Motor Totemist Guild is an American rock band, formed in 1980 in Orange County, California by band leader James Grigsby. Described as an avant-prog, avant-rock and chamber rock band, Motor Totemist Guild was noted for its songs that worked into epic durations and rich instrumentation but also forayed into free improvisation, sound collage, and other avant-garde techniques.

==History==
Being the only constant member, Grigsby assembled an everchanging lineup, that featured vocalist Emily Hay, as well as Rod Poole (acoustic guitar), Bridget Convey (piano), Hannes Giger (contrabass), and David Kerman (drums). Grigsby disbanded the group in 1989 to focus on the project U-Totem. Nevertheless, Grigsby and Hay reunited the group in 1997 with a largely expanded lineup, including former members Lynn Johnston (clarinets, saxophone) and Eric Johnson-Tamai (bassoon). The new lineup also featured musicians from 1990s West Coast new jazz scene, such as Vinny Golia (clarinets, saxes), Jeff Kaiser (trumpet), and Brad Dutz (marimba and vibraphone).

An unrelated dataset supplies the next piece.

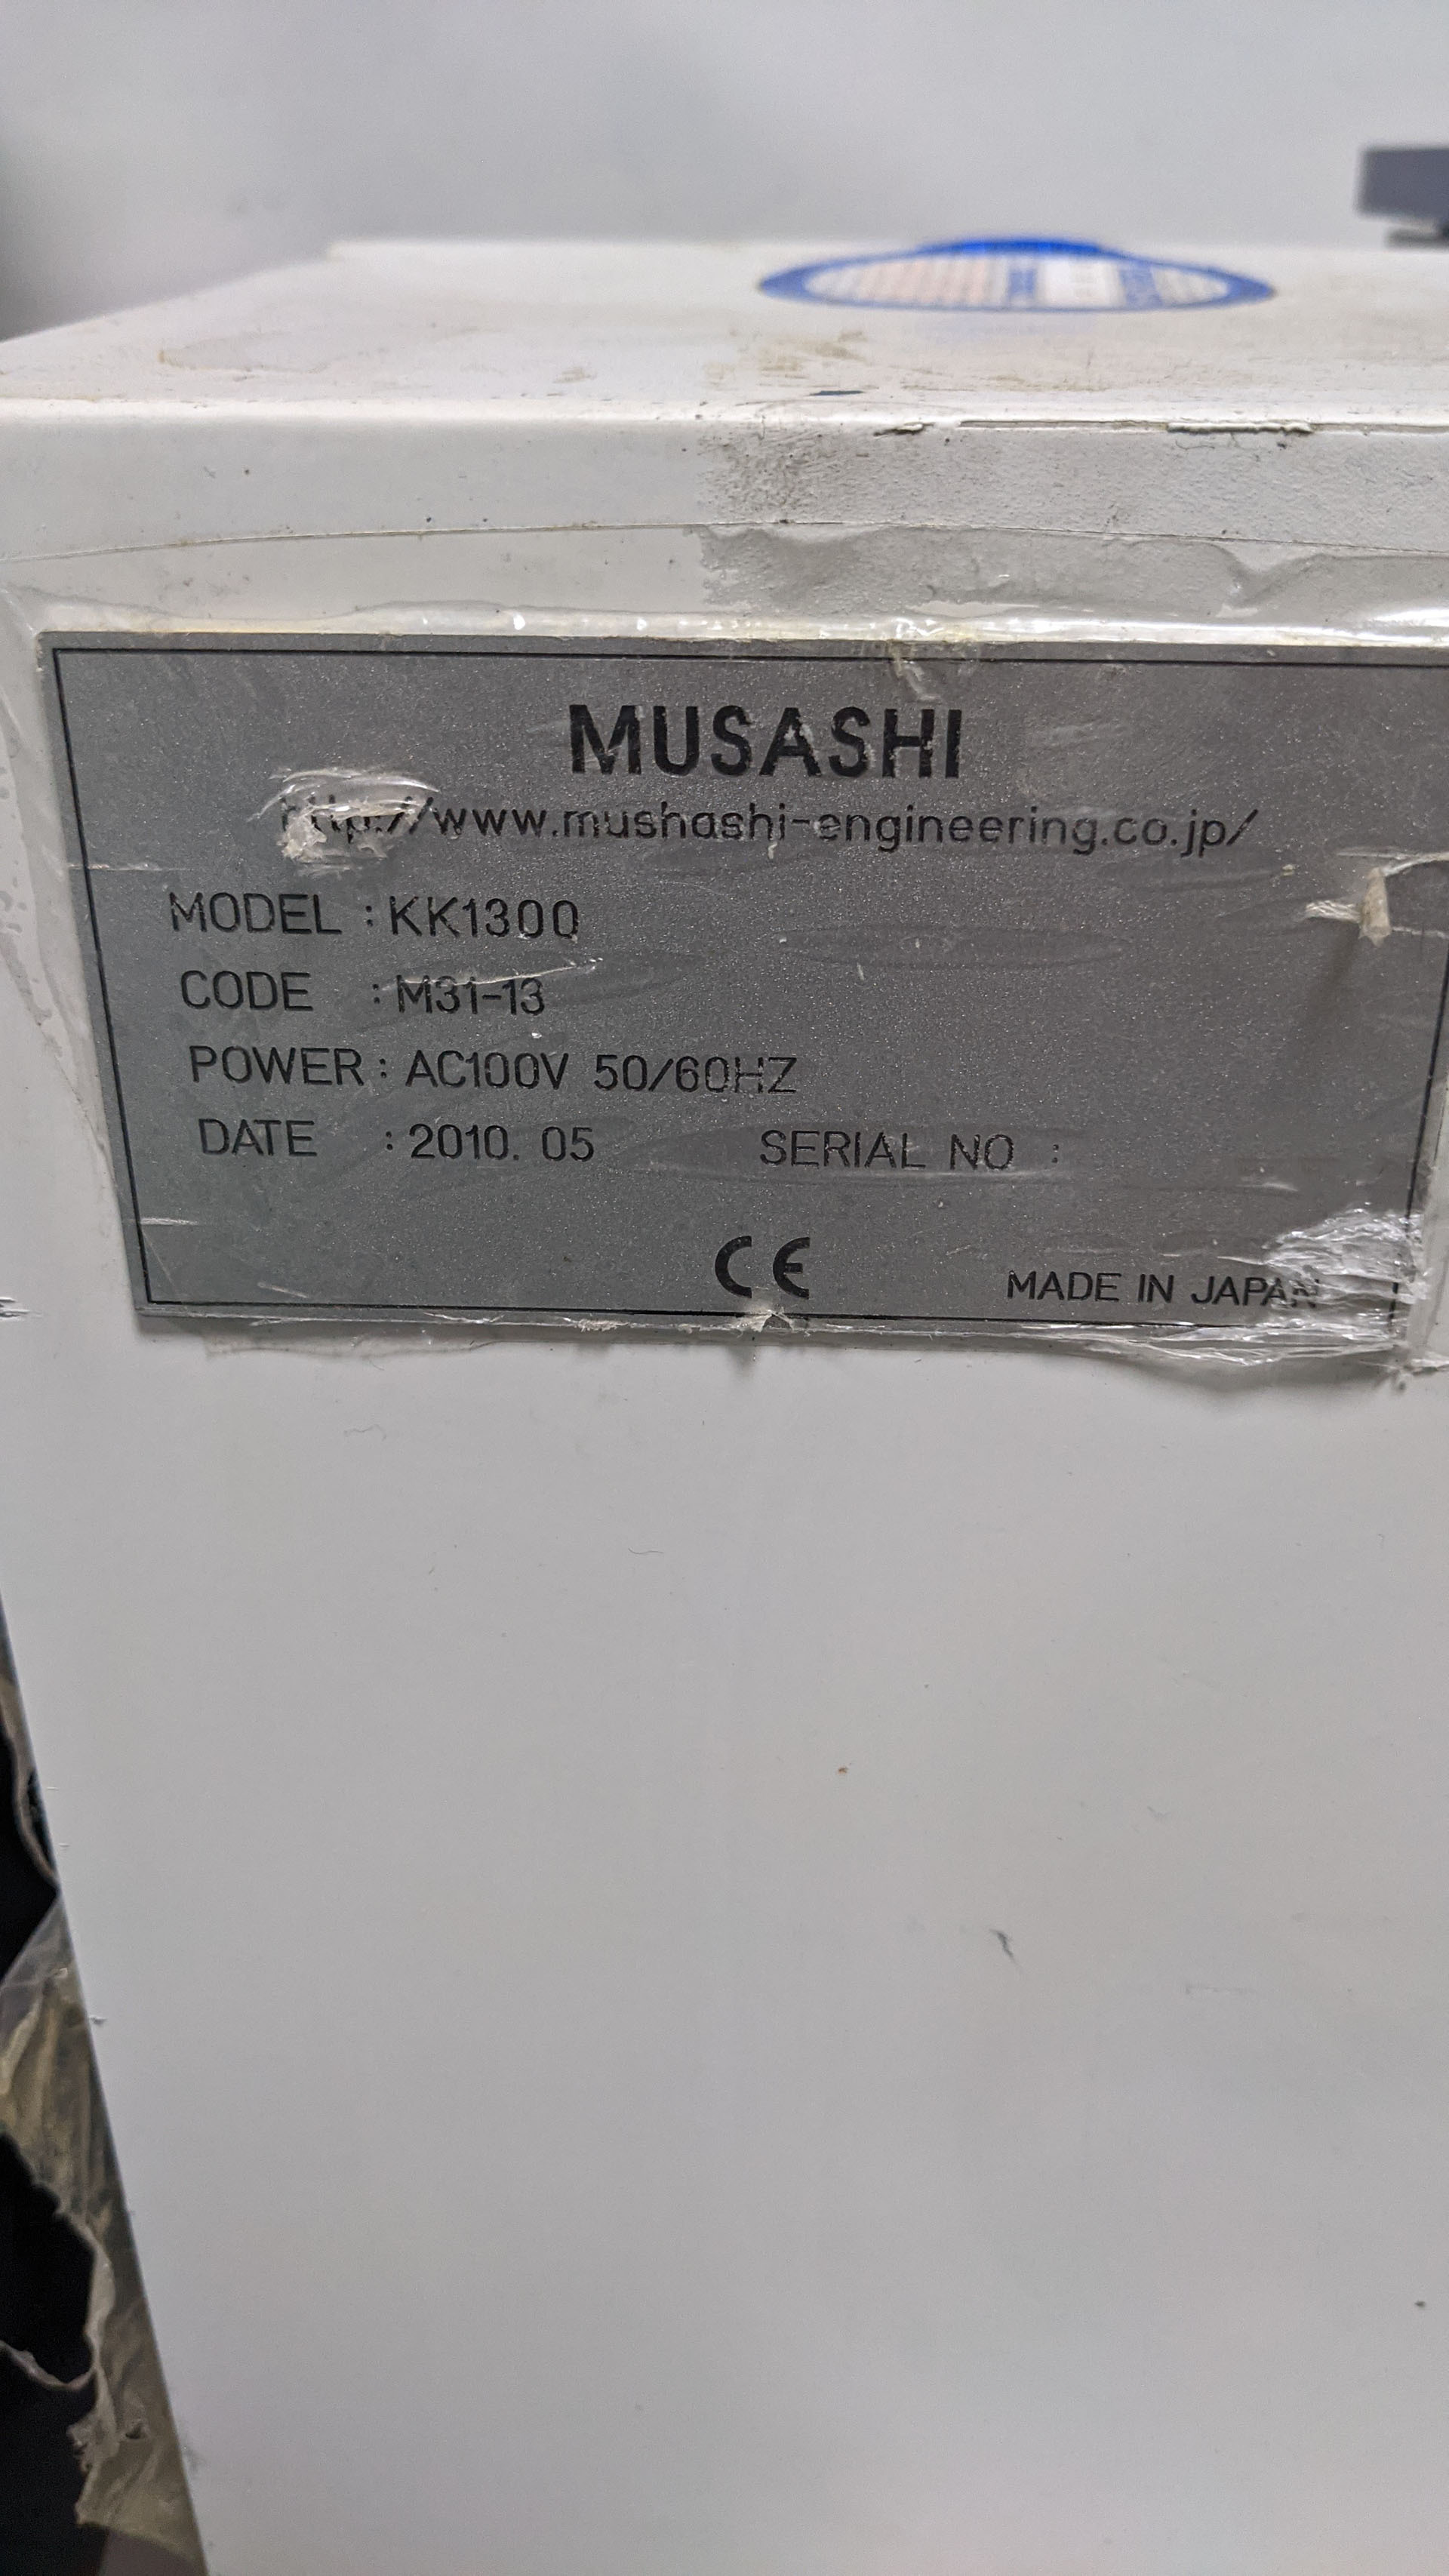 사진 사용됨 MUSASHI ENGINEERING AW-MV310 판매용

All of the band's albums were released through Grigsby's own label, Rotary Totem.

==Members==
- James Grigsby - composition
- Emily Hay - vocals
- Rod Poole - acoustic guitar
- Bridget Convey - piano
- Hannes Giger - contrabass
- David Kerman - drums
- Lynn Johnston - clarinets, saxophone
- Eric Johnson-Tamai - bassoon
- Vinny Golia - clarinets, saxophone
- Jeff Kaiser - trumpet
- Brad Dutz - marimba and vibraphone

==Discography==
Motor Totemist Guild discography as adapted from Discogs:
- Studio albums
- Infra Dig (1984)
- Klang (1985)
- Contact With Veils (1986)
- Elements (1988)
- Shapuno Zoo (1988)
- Omaggio A Futi (1989)
- City of Mirrors (1999)
- All America City (2000)

- Singles
- "Sub-Mission" / "Ballad of the Thin Man" (1984)

- Compilations
- Archive One (1996)
- Archive Two (1996)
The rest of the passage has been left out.